### Exercise requirements
Would you please retype, exactly, the lines of the listing below between the line with "Dirk wachsmuth kapitelstarter" and the line with "2020seikatsusha5_03.png", inclusive?

### Extracted records
──────

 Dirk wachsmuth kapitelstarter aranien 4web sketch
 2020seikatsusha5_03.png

──────

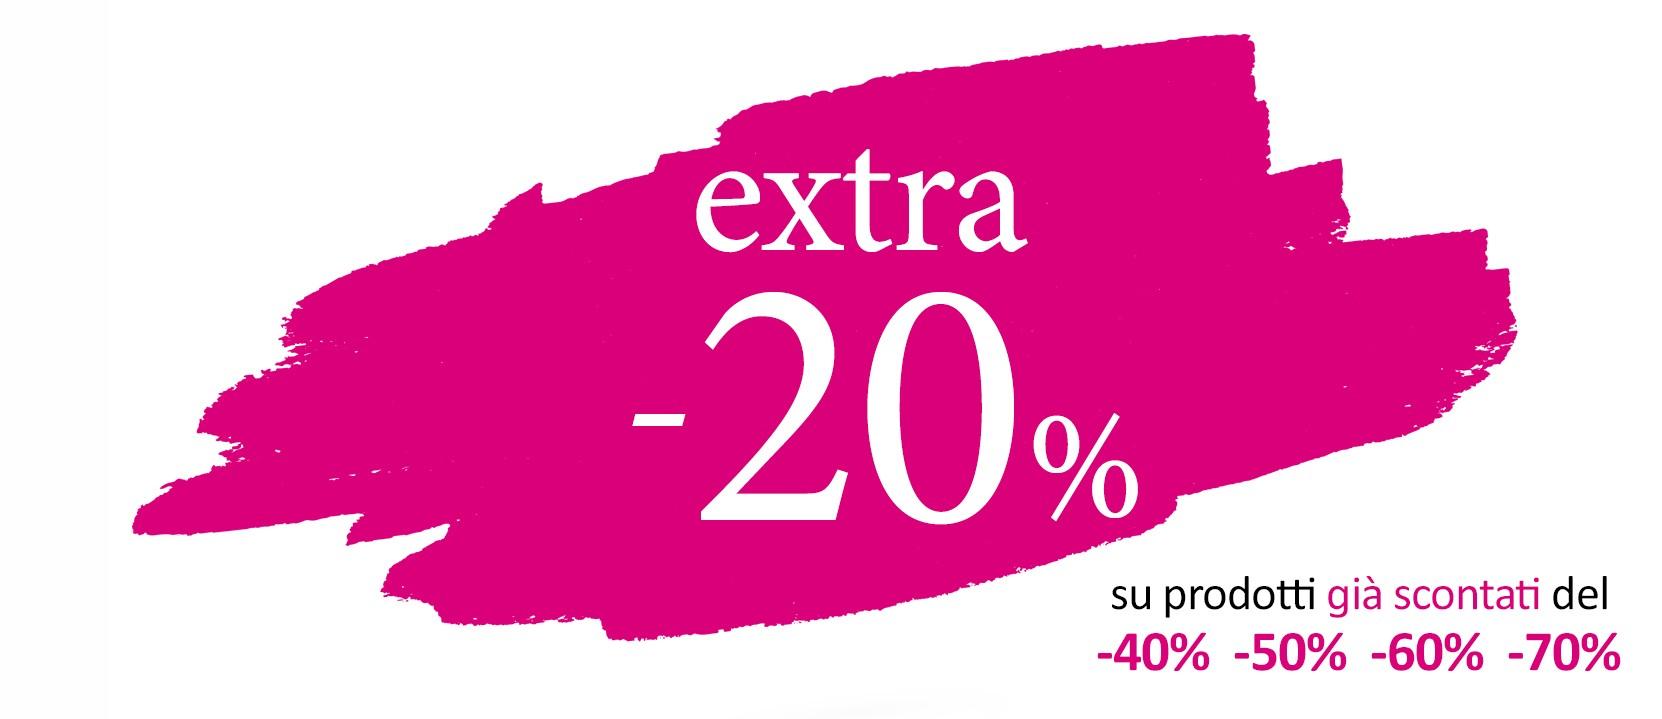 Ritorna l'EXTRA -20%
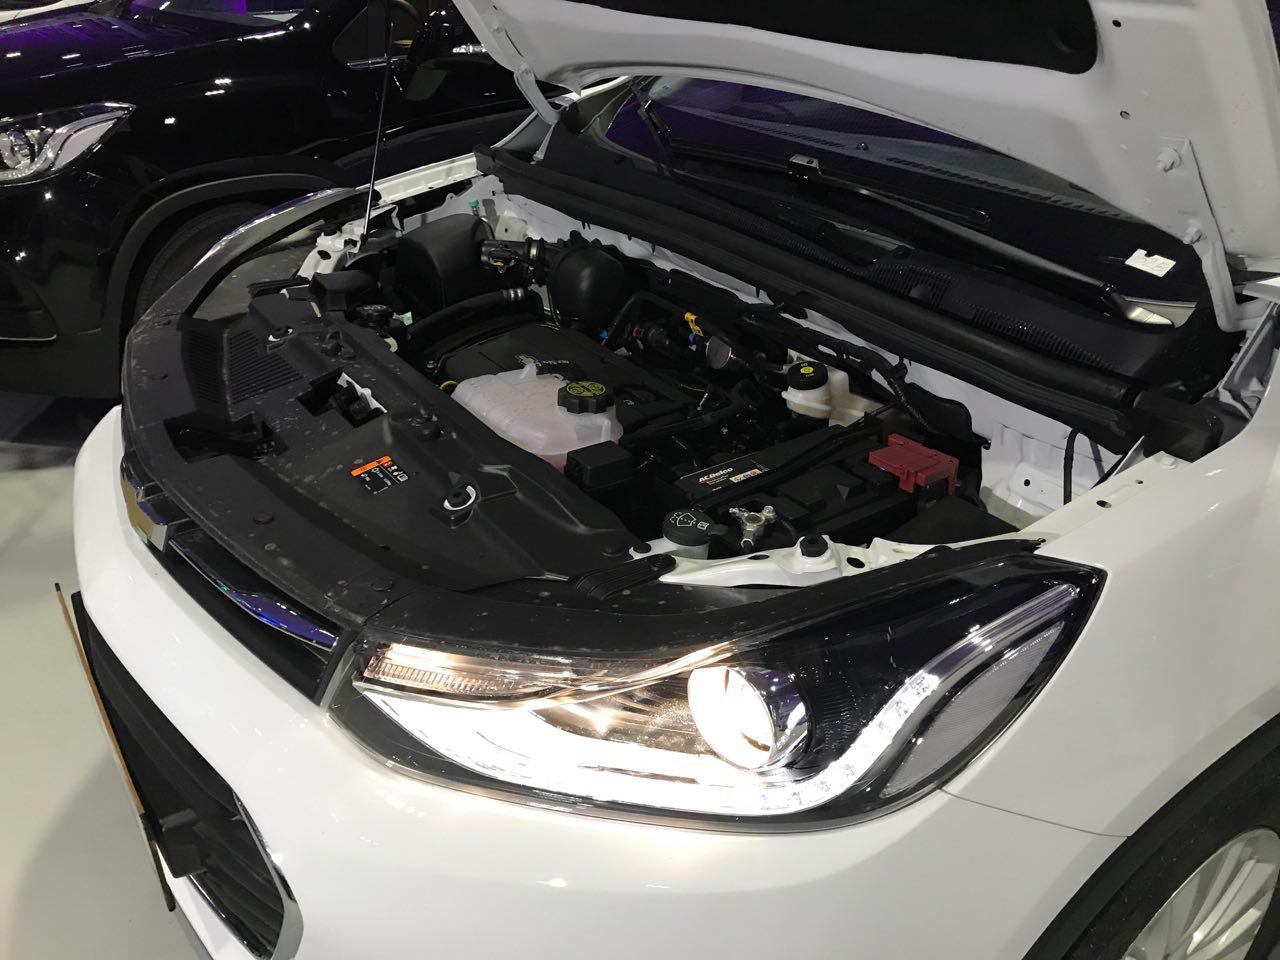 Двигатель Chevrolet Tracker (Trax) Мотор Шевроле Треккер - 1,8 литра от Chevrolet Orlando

──────

### Task result
 Dirk wachsmuth kapitelstarter aranien 4web sketch
 2020seikatsusha5_03.png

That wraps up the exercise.